Effects of antirheumatic treatment on gastric secretory function and salivary flow in patients with rheumatoid arthritis.

Many patients with rheumatoid arthritis have impaired gastric acid secretion and dysfunction of the lacrimal and salivary glands, conditions which have been proposed to be due to glandular atrophy. The hypothesis that the rheumatoid inflammation by itself has a depressive effect on these secretory functions was tested on 20 patients with active rheumatoid arthritis who underwent 16 weeks of sulphasalazine therapy. The patients responded well to the treatment, with reduction of joint indices and acute phase reactants. The resting and stimulated whole salivary secretion rate increased in 9/10 and 8/10 patients, respectively. The maximal gastric acid output increased in those patients who had a moderate reduction in acid output prior to treatment. When estimated by s-pepsinogen I, the gastric secretory capacity increased in all patients but one. In a group of auranofin treated patients, s-pepsinogen I rose only in those who responded to treatment with reduced disease activity. These results support the idea that the impaired secretory functions are at least partially reversible and probably also partly inflammatory mediated.

Treatment of drug-induced agranulocytosis with recombinant GM-CSF.

A 53-year male patient, treated for rheumatoid arthritis with sulphasalazine, developed a total agranulocytosis. When this state had prevailed for at least 10 d no bone marrow granulocyte progenitor cells were detectable. Intravenous GM-CSF treatment was initiated 5 d later, and the patient recovered within the next 6 d. GM-CSF treatment for severe agranulocytosis deserves further investigation.

Effect of sulphasalazine and sulphapyridine on neutrophil superoxide production: role of cytosolic free calcium.

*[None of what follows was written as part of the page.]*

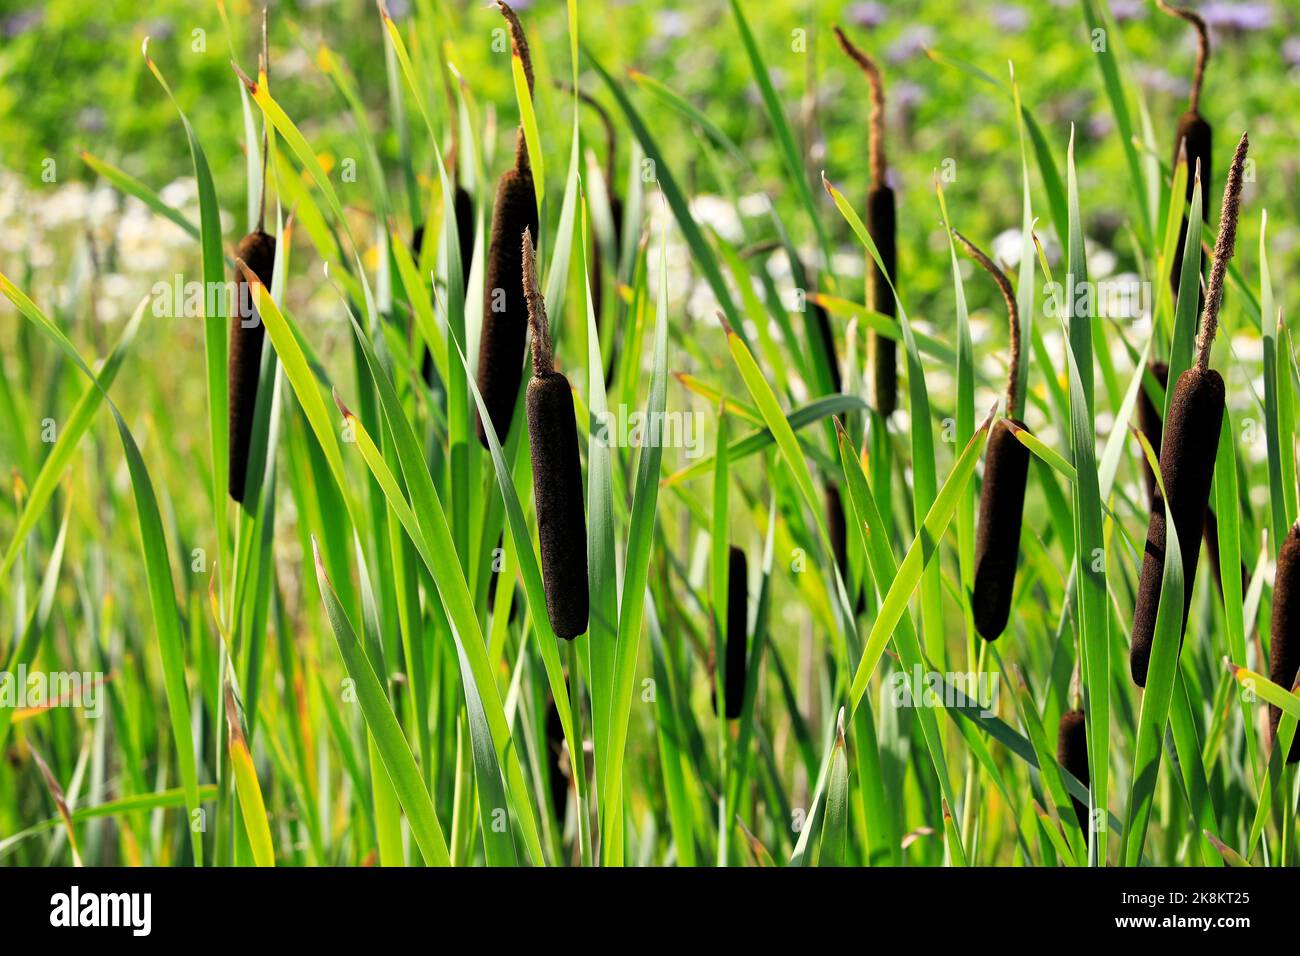 Typha latifolia, chiamato anche rush o Cattail comune che cresce in una trincea. La fibra di Typha ha un potenziale per essere una fibra tessile nuova e sostenibile. Foto Stock

As the neutrophil granulocyte plays an important part in rheumatoid inflammation the effect of sulphasalazine on neutrophil function was studied. The results show that sulphasalazine, and its metabolite sulphapyridine, inhibit neutrophil superoxide production elicited by the receptor mediated stimulus N-formyl-methionyl-leucyl-phenyl-alanine (fMLP) and by the calcium ionophore A23187. This effect seems to be dependent on inhibition of intracellular Ca++ increase as both substances reduce this increase upon cell activation with fMLP and A23187. Sulphasalazine and sulphapyridine do not inhibit superoxide production after stimulation with the ester phorbol myristate acetate, a stimulus response coupling which is independent of intracellular Ca++ increase. The reported inhibition of superoxide generation may explain, at least partly, the antirheumatic property of sulphasalazine.